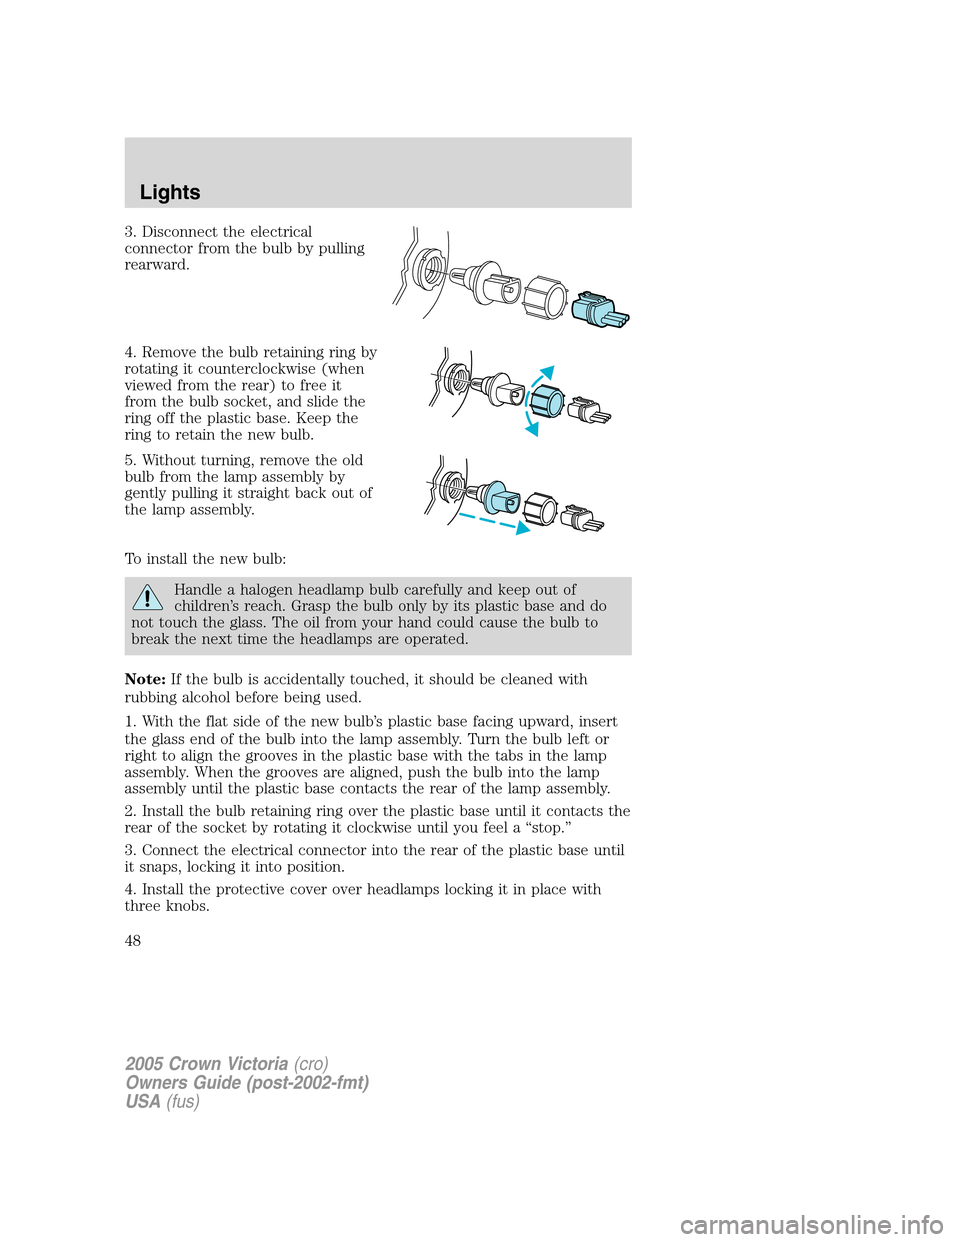 FORD CROWN VICTORIA 2005 2.G Owners Manual 3. Disconnect the electrical
connector from the bulb by pulling
rearward.
4. Remove the bulb retaining ring by
rotating it counterclockwise (when
viewed from the rear) to free it
from the bulb socket,

# Work to complete
From the line that holds "viewed from the rear) to free it" to the last line of the records above, print each line exactly. Add nothing else.

# Answer section
viewed from the rear) to free it
from the bulb socket,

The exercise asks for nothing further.